Recorded data ->
* * * *
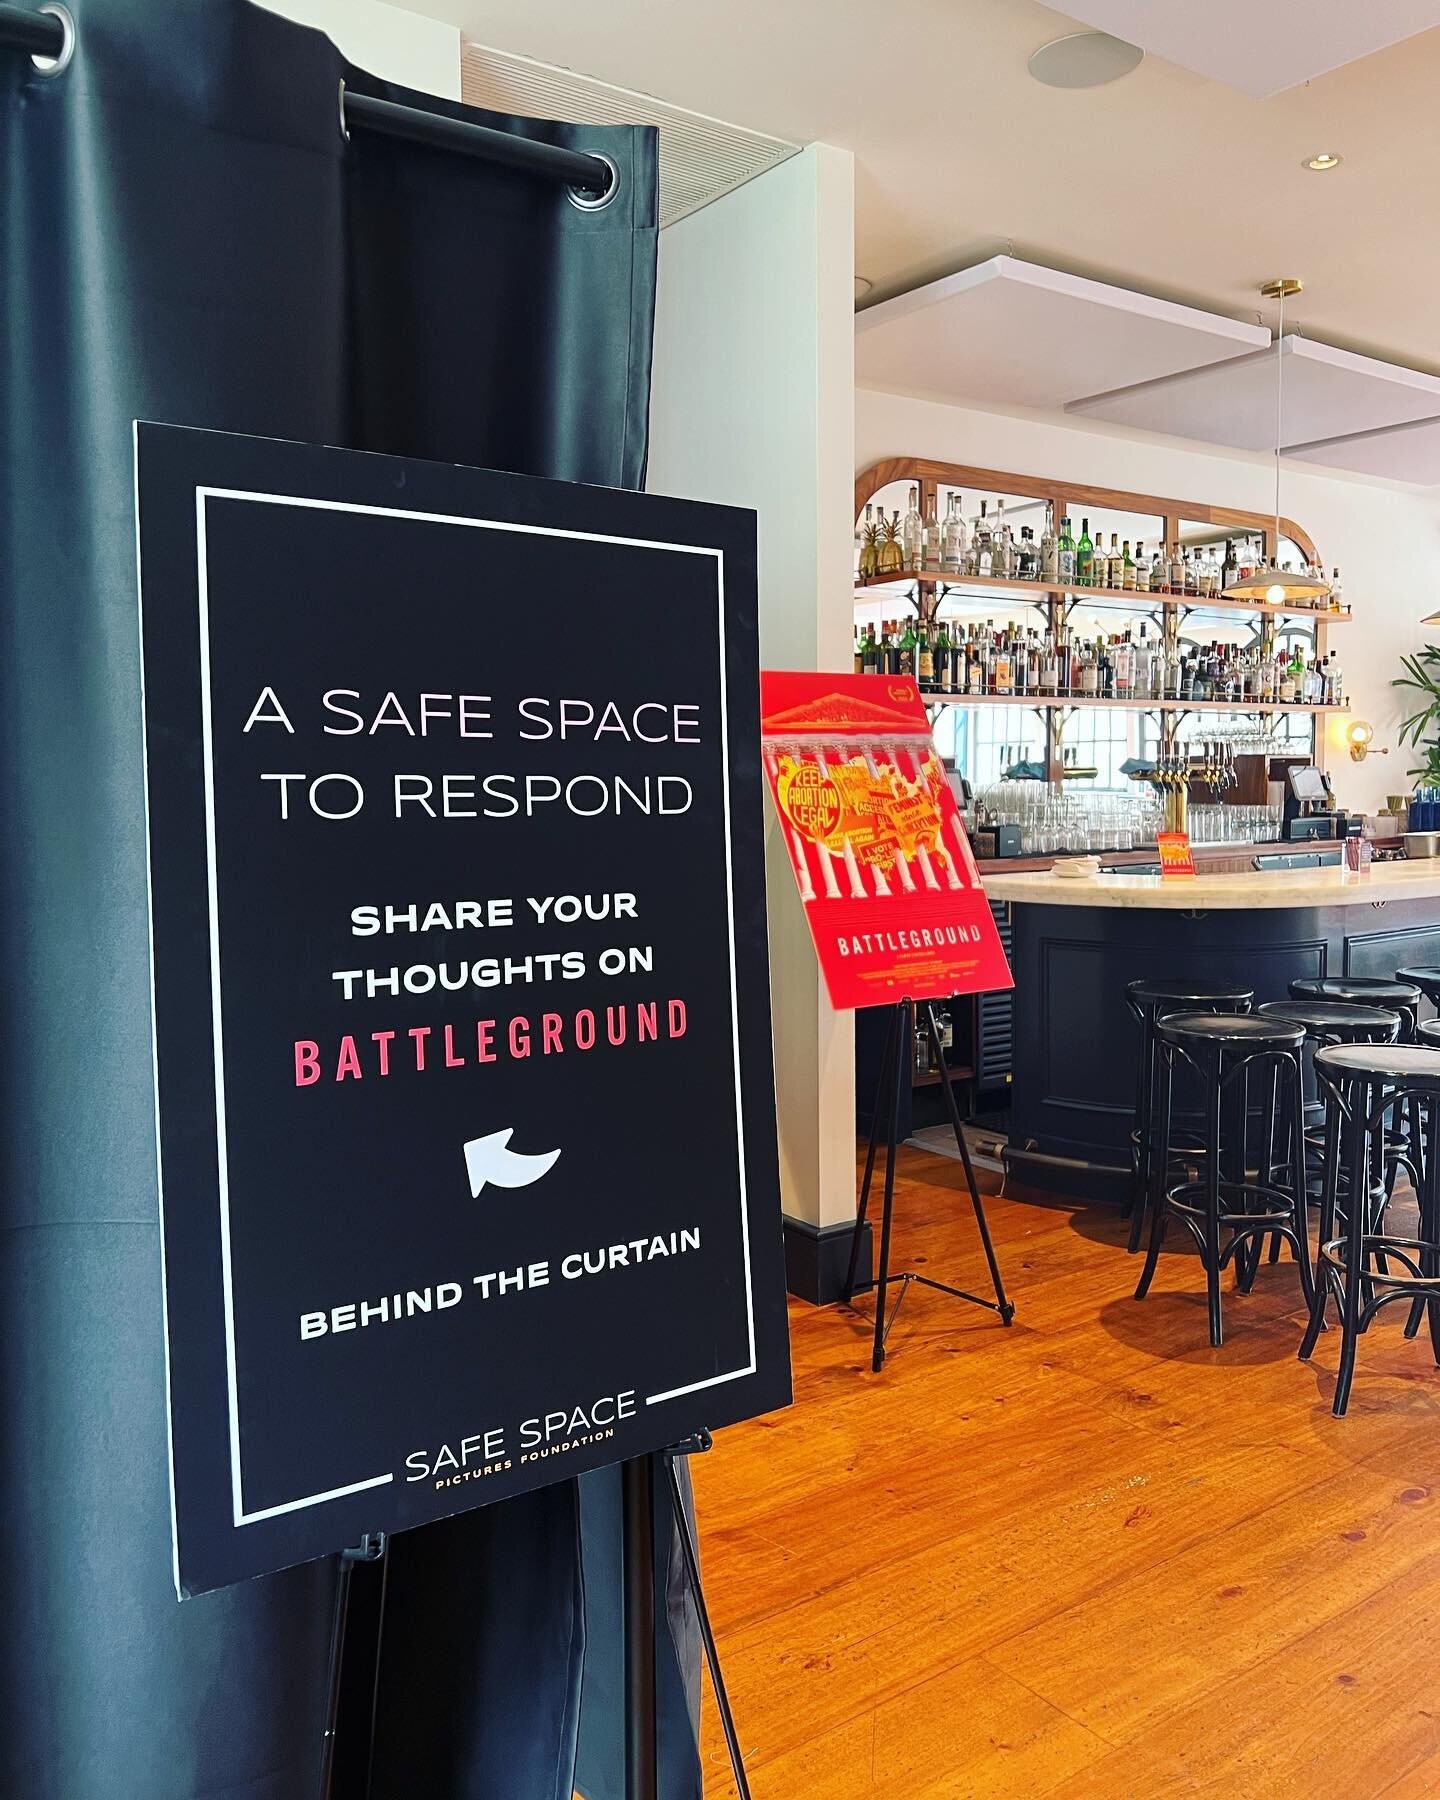 Battleground world premiere screening followed by an evening of cocktails and conversation with #SafeSpacePictures 🎥 

@safespace.pictures 

Venue: @junglebirdnyc
* * * *
Task requirements -> Word for word, quote the lines above. Omit the pictures.

Response to the task ->
 Battleground world premiere screening followed by an evening of cocktails and conversation with #SafeSpacePictures 🎥 

@safespace.pictures 

Venue: @junglebirdnyc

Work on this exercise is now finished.